FairSearch tries to make it an antitrust issue by mentioning Androids’s market share, then complains about a fraction of that market share that voluntarily chooses an option for bundling Google apps.

They’re trying to imply, in other words, that Google has dominant share, and uses that share to force companies to bundle its suite. But using the bundled suite is an option, not a condition — you know, like how Microsoft will sell Office to OEMs for a price but won’t let them install only two applications from that suite for the relative fraction of the price for the whole suite.

Looking at the big picture, FairSearch’s overarching complaint is the direct opposite of reality.

The reality is that Google does not restrict the use of Android and some of Google’s most direct competitors including Amazon.com use Android to bundle direct competitor products to Google’s.

Facebook Home tramples all over Android, and Google hasn’t lifted a finger to stop them.

Countless Chinese companies and other smaller handset makers around the world install and use Android, shunning Google apps and doing whatever they please, and Google takes no action against them.
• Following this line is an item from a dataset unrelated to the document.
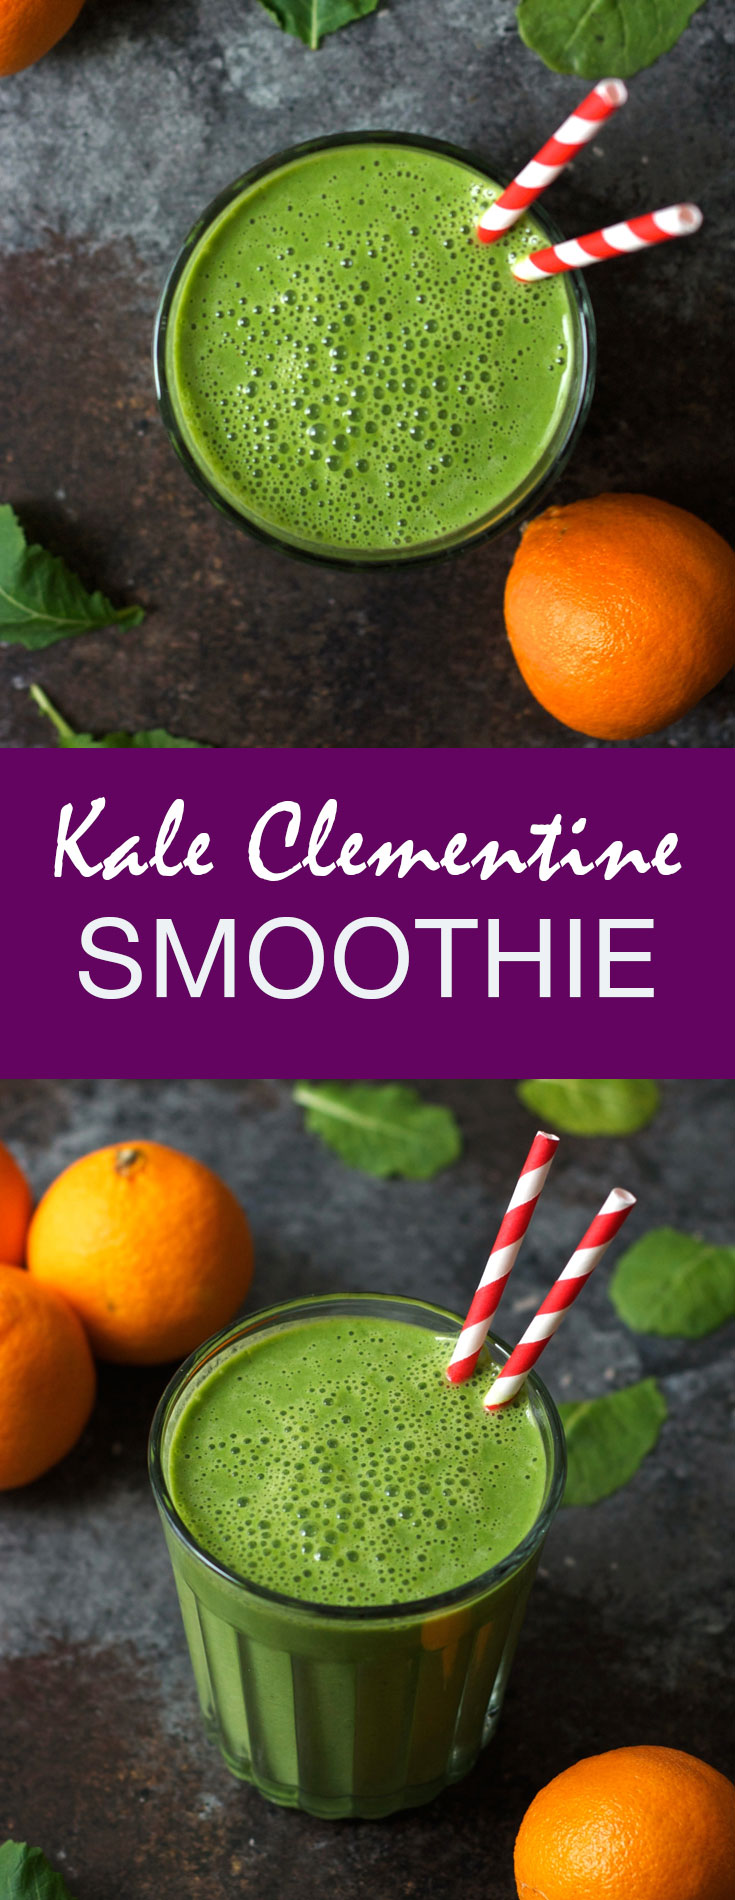 Kale Clementine Smoothie

The truth is that giving away Android, then giving handset and tablet makers the option to bundle advertiser-supported free apps is a revenue model that is different from Microsoft’s revenue model, which is to sell operating system software directly to hardware makers.

The complaint, in other words, is basically this: “How do you expect Microsoft to compete in mobile operating systems when Google has a better revenue model?”

Microsoft is using FairSearch to illegalize newer, better ways to monetize mobile operating systems to favor the old way.

FairSearch is a legal organization. But they should not be given a pass by the court of public opinion.

FairSearch is a shameless, cowardly, phony-baloney front group for companies that compete against Google to harm Google in any way they can using regulatory officials and propaganda.

And FairSearch’s antitrust complaint a load of bullshit that should be dismissed by the EU without delay.